As Francois Ziegler suggests in his comment, the notation $S$ and term $S$-unit might go back to Artin and Whaples in their paper about the product formula: "Axiomatic Characterization of Fields by the Product Formula for Valuations" (Bull. AMS 51 (1945), 469-492). Here they write $S$ for a finite nonempty set of primes that includes all the archimedean primes and they define $S$-units on p. 487.

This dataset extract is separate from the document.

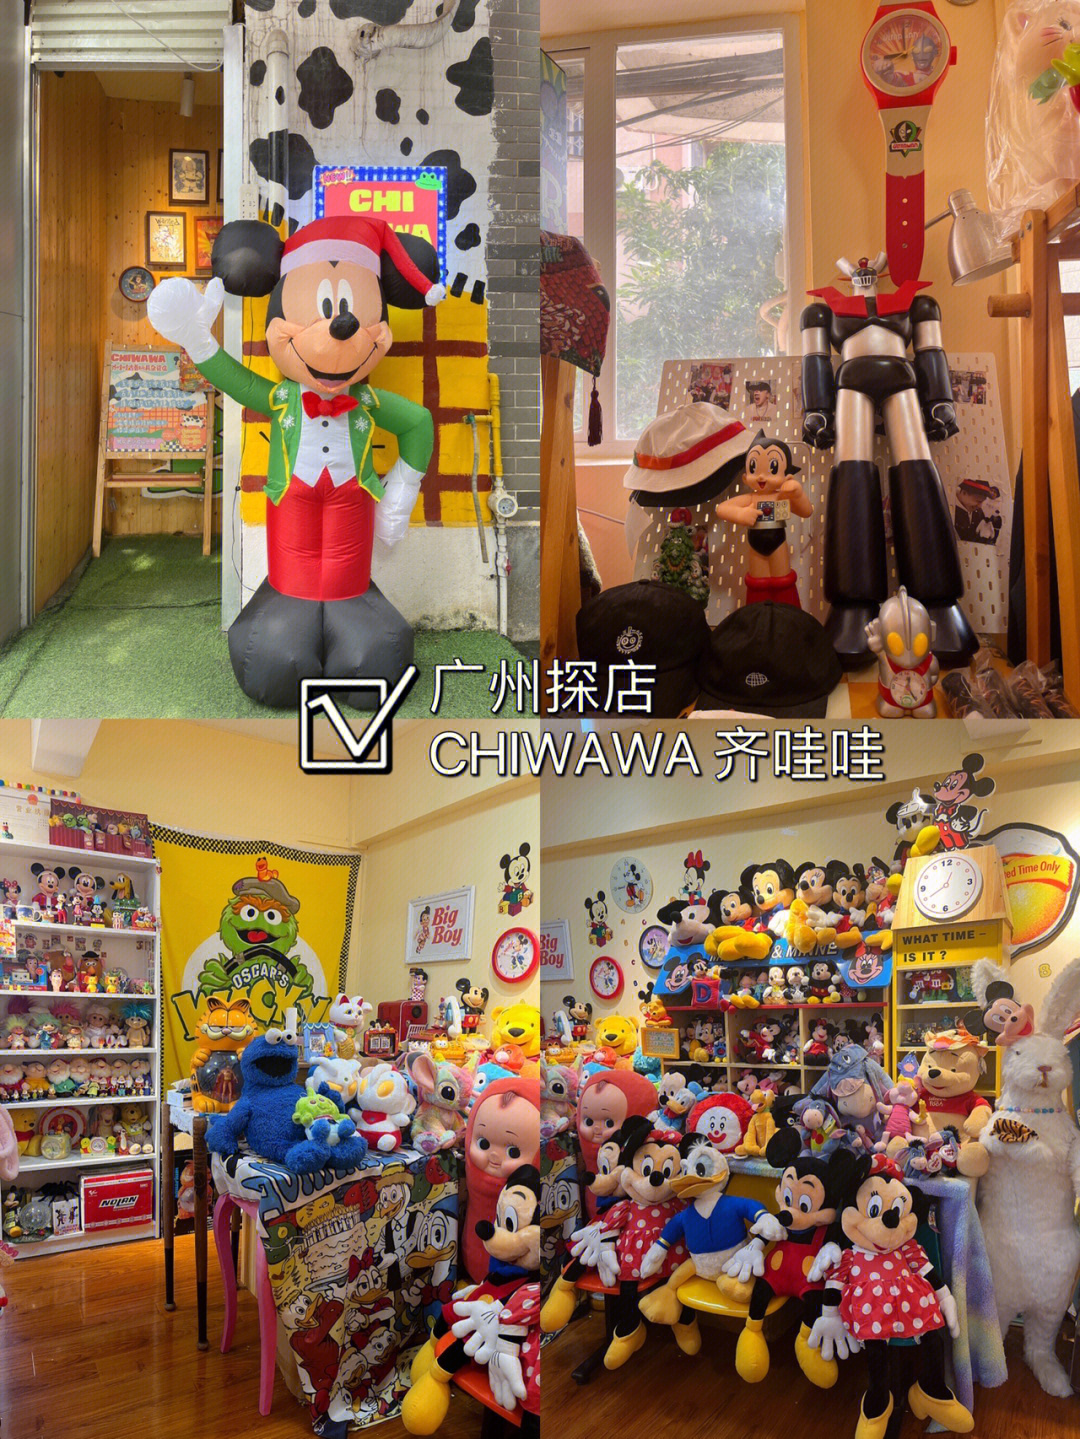 广州探店欢迎来到米奇妙妙屋童趣中古玩具

The $S$-unit theorem is in a weak form as Theorem 5 (p. 489) and in its full form as Theorem 6 (p. 491), with a footnote attributing the statement of the theorem to Hasse and the proof to Chevalley in Chevalley's paper on class field theory in Annals of Math. 41 (1940), 394-418. There Chevalley writes $E$, not $S$, for a finite set of "prime divisors containing all the infinite prime divisors" and the $S$-unit theorem is stated two paragraphs after Theorem 3. Since Chevalley's paper is the original appearance of the $S$-unit theorem, using notation no longer around today, it looks like the notation $S$ and the term $S$-unit are due to Artin and Whaples.

Even though the $S$-units are the unit group of the ring of $S$-integers, the concept of an $S$-integer came later since Artin and Whaples don't mention any such type of generalized integers in their paper. It's sort of historically fitting that $S$-units were created before the ring of which they are units, since Chevalley did the same thing for ideles: he defined that group (1936) and worked with it before anyone had defined the ring of adeles of which the ideles are the unit group. Strange but true. The Wikipedia page for adelic algebraic groups points out that Chevellay started using the term "idele" in 1940, while the adeles were called repartitions and (Tate's thesis) valuation vectors before the term "adele" became standard later in the 1950s.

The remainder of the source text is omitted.